Tuesday, November 22, 2011

Hishamuddin’s Police Assaulting Protesters Booze and ladies, all you need in life.


Prime Minister Najib Razak will be tabling the ‘Peaceful Assembly Act’ this week, according to both the mainstream and web media. Translated, this means that Najib will be tabling an Act that will try to stop the people from demonstrating against the BN’s excesses and corruption.
There is no need for any such Act to be tabled by that master of hypocrisy, Najib Razak. Article 10 of the constitution already gives the people the right to freedom of assembly.
In the past, BN governments have been able to stop the people from demonstrating by the use of intimidation, by instilling fear in the people and by brute police force. But the BN, and Najib, know that those methods no longer work.
Bersih, a defining moment
The tens of thousands who came out for the Bersih demo proved that the people will no longer be cowed by such tactics. The people will no longer allow themselves to be terrorized by a despotic BN administration. The people are now willing to risk their safety to stand up for their rights.
This despite the most draconian measures being taken by the police to stop Bersih 2.0, including shutting down KL Central, the capital’s transportation hub and wanton brute force unleashed on peaceful protestors. It was a defining moment in Malaysian history and a proud moment for its citizens.
Recent history in the Middle-East has shown us that batons, tear gas, propaganda and guns are futile against a determined people. Mubarak’s entire security apparatus, his secret police, his gangs of thugs crumbled in the face of the unarmed, fragile ordinary Egyptians, men and women, gathered in Tahir Square.
Gaddafi reacted with barbaric brutality, launching a merciless war against his own countrymen. We know his fate, we watched it on TV. His son, Saif, for all his bluster and threats to fight to the last bullet, looked at the cameras with frightened eyes, after his capture. Tyrants are no different from their citizens; in the end we are all fragile sacks of meat and bone; though few seem to remember that when they are in power.
Assad clings on in Syria, but the writing is already on the wall for him. In a recent interview, he promised that elections would be held next year, and those who are unhappy with him could vote for someone else. He did not mention that the election would be rigged and the people’s will be thwarted. This is the usual refuge of dictators everywhere; offer an election, then rig it. Syrians did not believe him, of course, the protests go on, and young Syrians continue to bleed and die on the streets of Damascus, the sidewalks of Homs and in Syria’s other ancient cities.

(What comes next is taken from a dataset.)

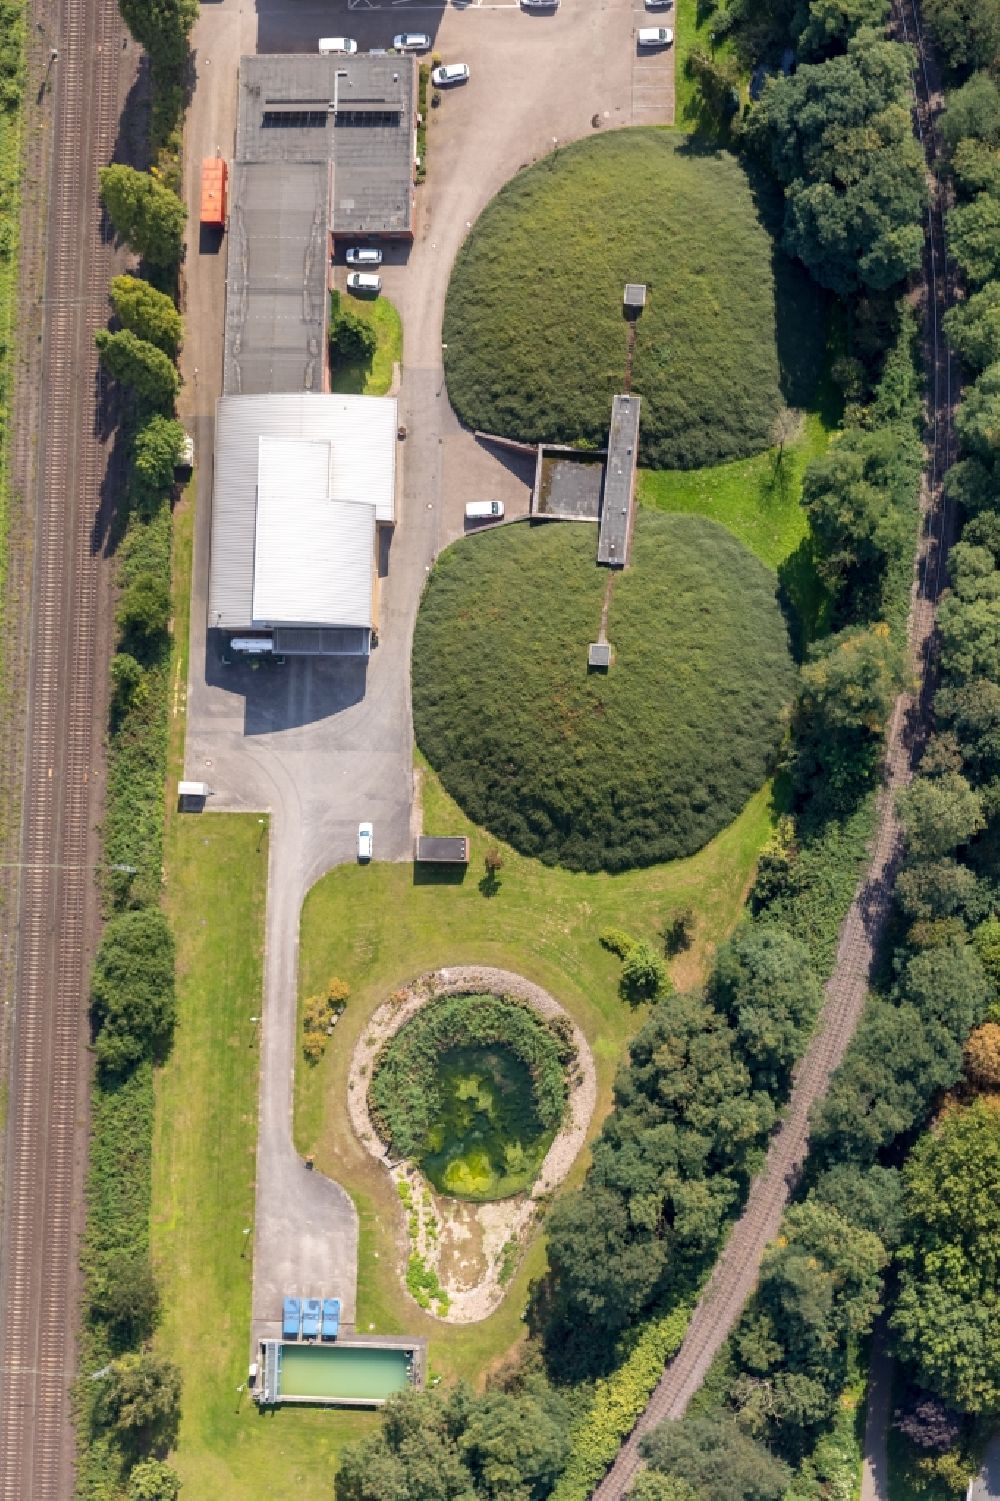 Aerial image Moers - Waterworks - ground storage facility in Moers in the state North Rhine-Westphalia, Germany

Demonstrations are a pressure valve and part of Democracy
Demonstrations are a necessary part of Democracy and for that they should be allowed, whether it is in Damascus, in London, or in Kuala Lumpur. Elections are limited means for citizens to show dissatisfaction, and they come only every four or five years. Even governments that are freely and fairly elected should not be allowed to win an election and then do whatever they like for half a decade.

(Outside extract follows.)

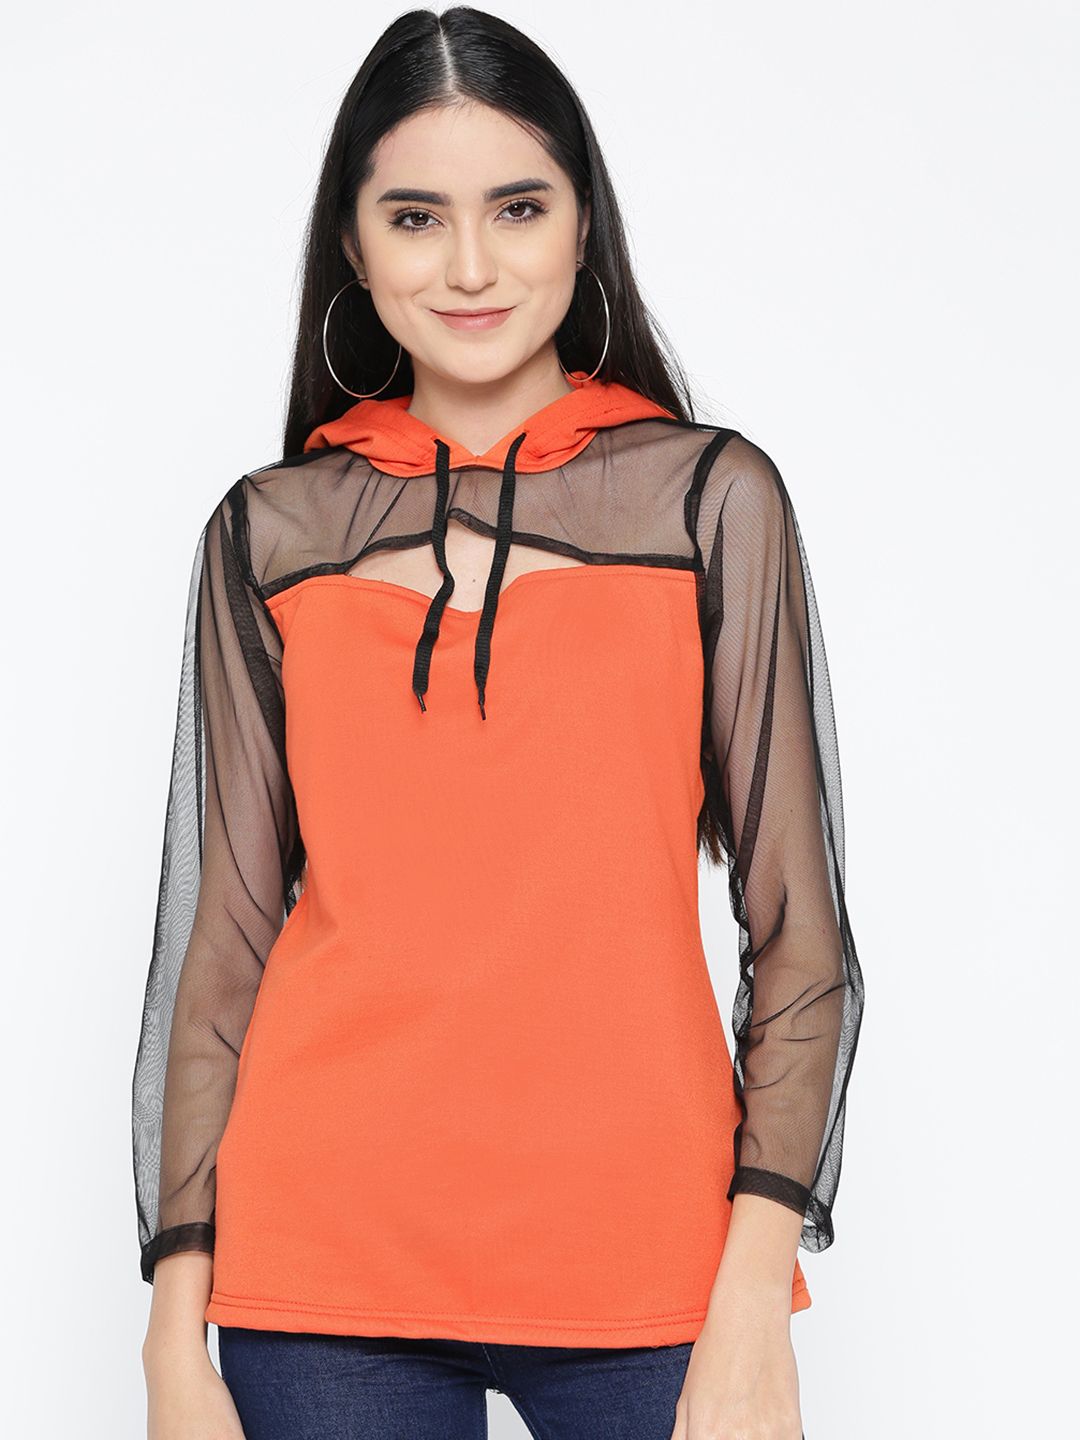 Belle Fille Women Orange & Black Semi-Sheer Solid Hooded Sweatshirt Price in India

There must be ways for citizens to show their discontent. Demonstrations also function as a pressure valve and allow people to have their say while allowing the government to listen.
The duty of the police force should be to the nation, and not to any individual party. Their job is to facilitate peaceful demonstrations by directing traffic and protecting the participants. In Malaysia, regrettably, the BN government is neither freely nor fairly elected, and the police force is wont to act like the BN’s hired goons.

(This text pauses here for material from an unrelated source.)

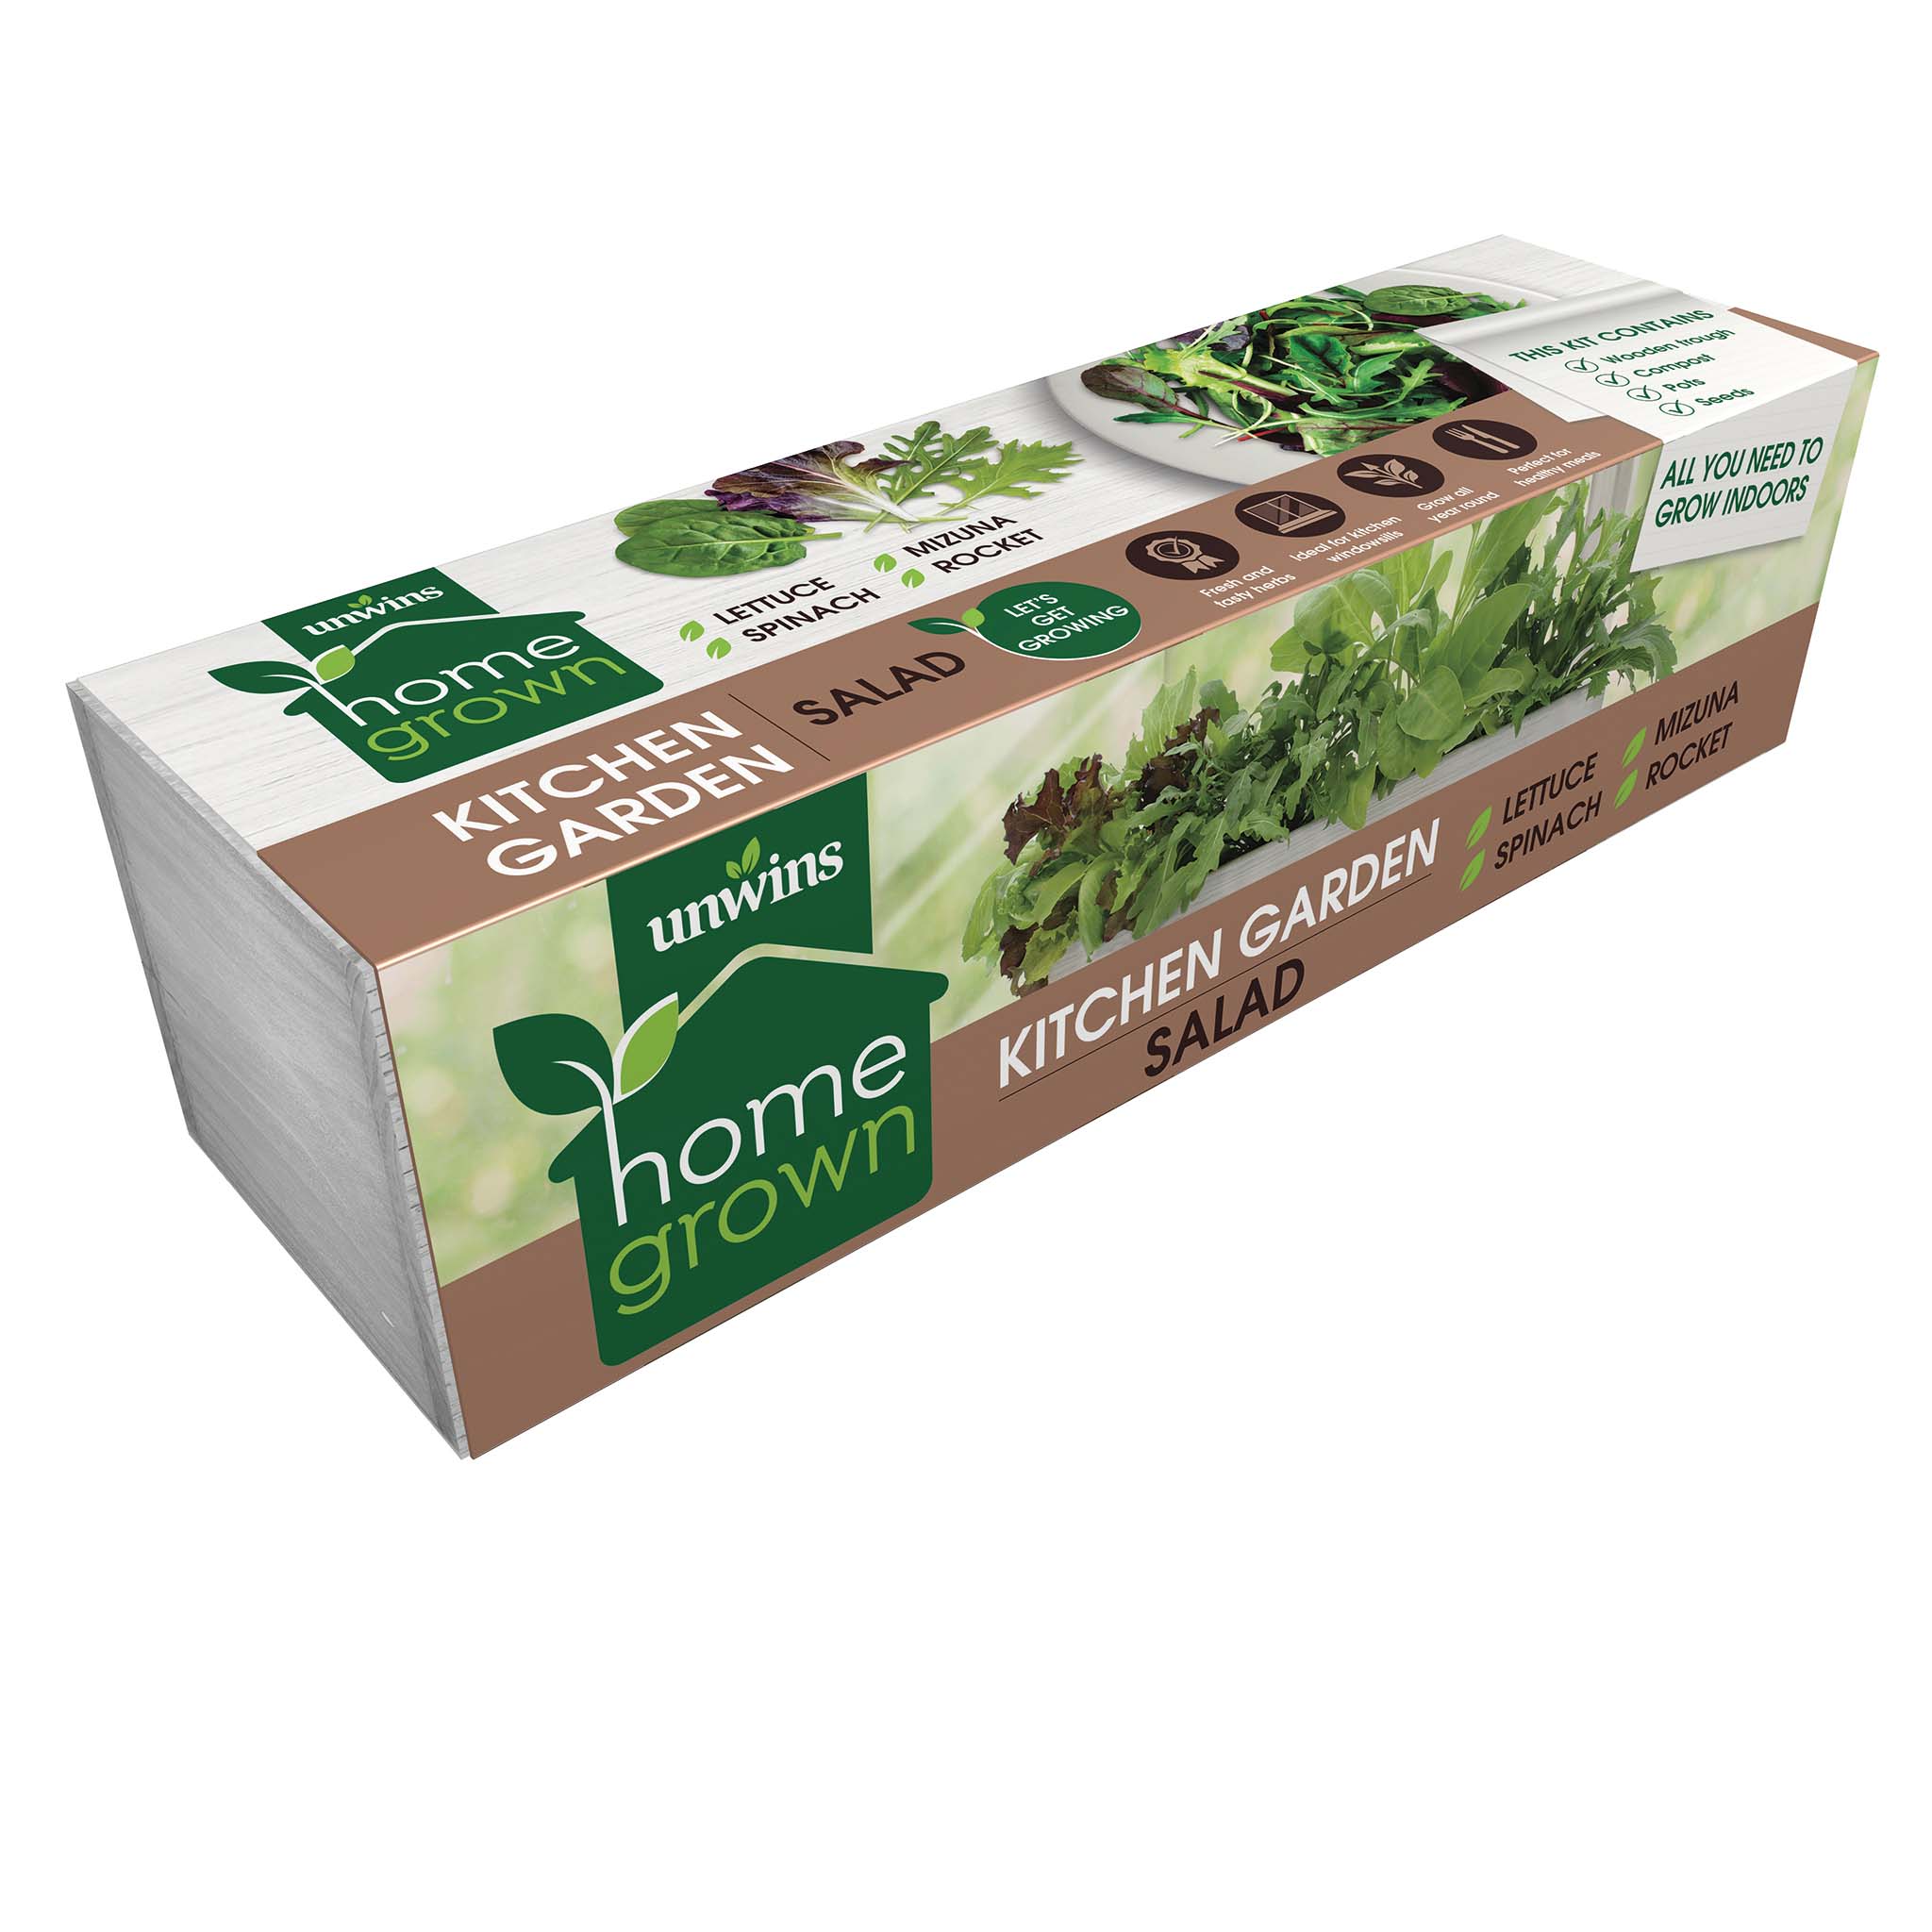 Unwins Homegrown Salad Kitchen Garden Kit

Trying to fool the people again
In this environment, it becomes even more critical that the people’s rights under the constitution is not stripped away by such misnamed legislation as the ‘Peaceful Assembly Act’ that Najib is planning to spring on Parliament. Nor should Najib, if he has at all any sense of decency, continue to try to fool the people with the pretense that he is giving them back their freedoms.
He is not, he is actually further depriving Malaysians of their freedom with this despicable Act he is proposing. If Najib wants to amend the constitution to take away the rights of Malaysians, he will first have to gain a two-thirds majority in Parliament.
The BN, and the authorities, should read the constitution, in particular Article 10, and then abide by it. That is all that is required, not misleading legislation from the duplicitous Najib.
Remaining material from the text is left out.